Monday, March 30, 2020

Training Overview #41 – A Good Time to Work on Metabolic Flexibility - Week of March 23 thru 29, 2020

Great roads to ride on here in South-Central Ky
Training Thoughts:  
In thinking about what to write about I thought I would touch on diet - or specifically why it is a good time to try being fat adapted, I did write on this, LCHF, some in Training Overview #24 and here  Now when I say “diet” I use the word as it was originally used in that it refers to how we, or a group, eat and not as it is used today to refer to some eating plan or protocol.  I bring up this subject realizing there are many that will greatly disagree with me and in the cycling community even more disagree with it but that is fine as I now it has worked for me.  The subject I will touch on is working to be “fat adapted” or maybe a better term is working to have “metabolic flexibility”.  I say “metabolic flexibility” as the goal is not simply to be able to use fat as fuel efficiently, that is part of it, but also to use carbs when needed and then be able to move back to fat, thus the flexibility.

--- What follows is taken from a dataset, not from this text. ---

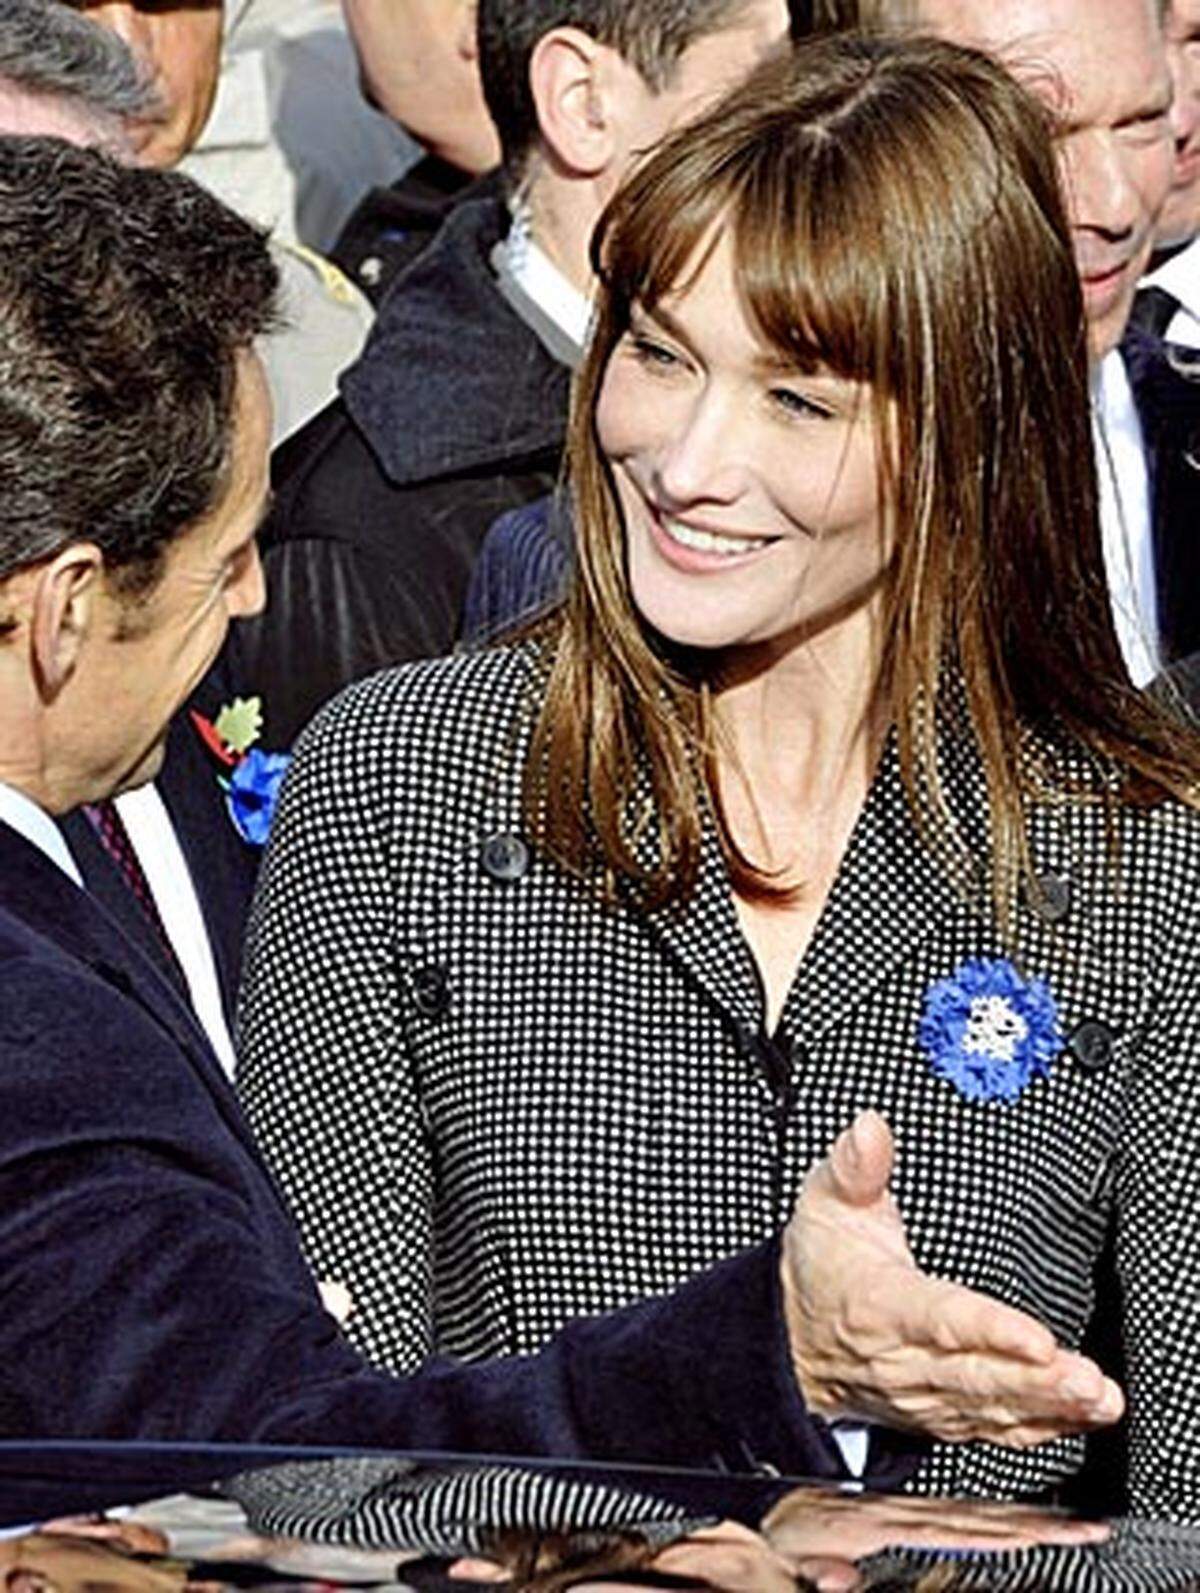 ... und zwar keiner geringeren als Carla Bruni-Sarkozy, der Gattin des französischen Präsidenten. Ehemals Model und nach wie vor Chanson-Sängerin, füllte Bruni mit ihren Affären die Seiten der Klatsch-Magazine und posierte spärlich bekleidet. Nach der Hochzeit mit Nicolas Sarkozy mauserte sich die gebürtige Italienerin zur Première Dame, schlicht gekleidet und mit flachem Schuhwerk - um ihren Ehemann nicht zu überragen. Sie äußert sich immer wieder zu sozialen Themen, am Parkett der Weltpolitik muss Sarkozy weiterhin alleine tanzen.
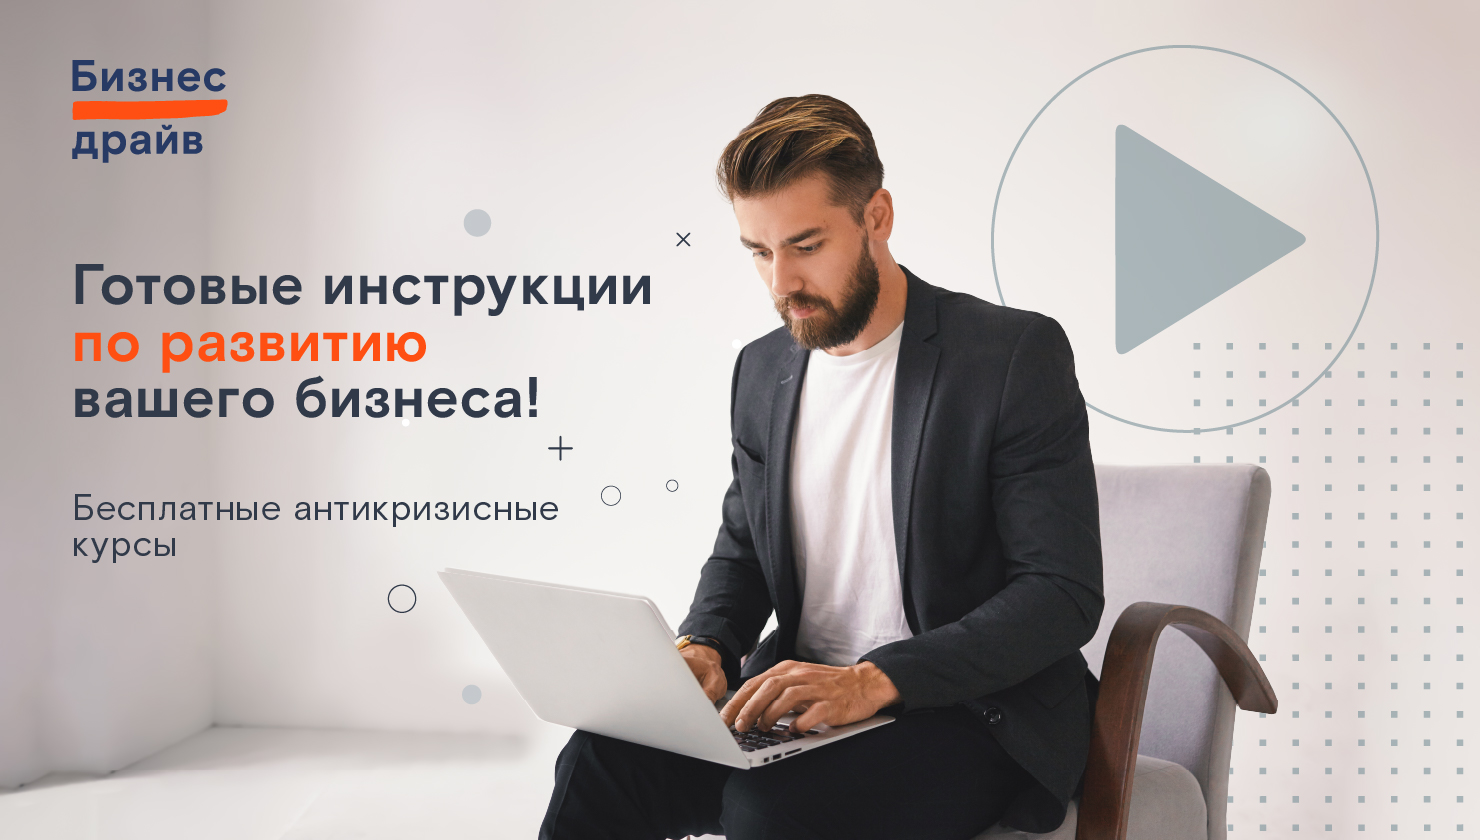 Антикризисные курсы «Ростелекома» помогут российским предпринимателям развивать бизнес в условиях изменений  - новости Афанасий

One reason to bring this up now is that one of the usual arguments against working to be fat adapted is that people do not want to take the time (it does take time), effort and possible drop in performance while transitioning.  That said, with pretty much no racing for the next few months, or more, for most people that argument becomes less of an issue. Now is a great opportunity to give it a try.  As I talk about being fat adapted I am not going to get into all the nuances and things you can do but give you an overview, benefits and resources you can look into.  The bottom line is that now is a good time to give it a try and if it does not work for you at least you will know from experience rather than an assumption and if it works you are at a good place to move forward to fine tune how you eat to enhance being fat adapted.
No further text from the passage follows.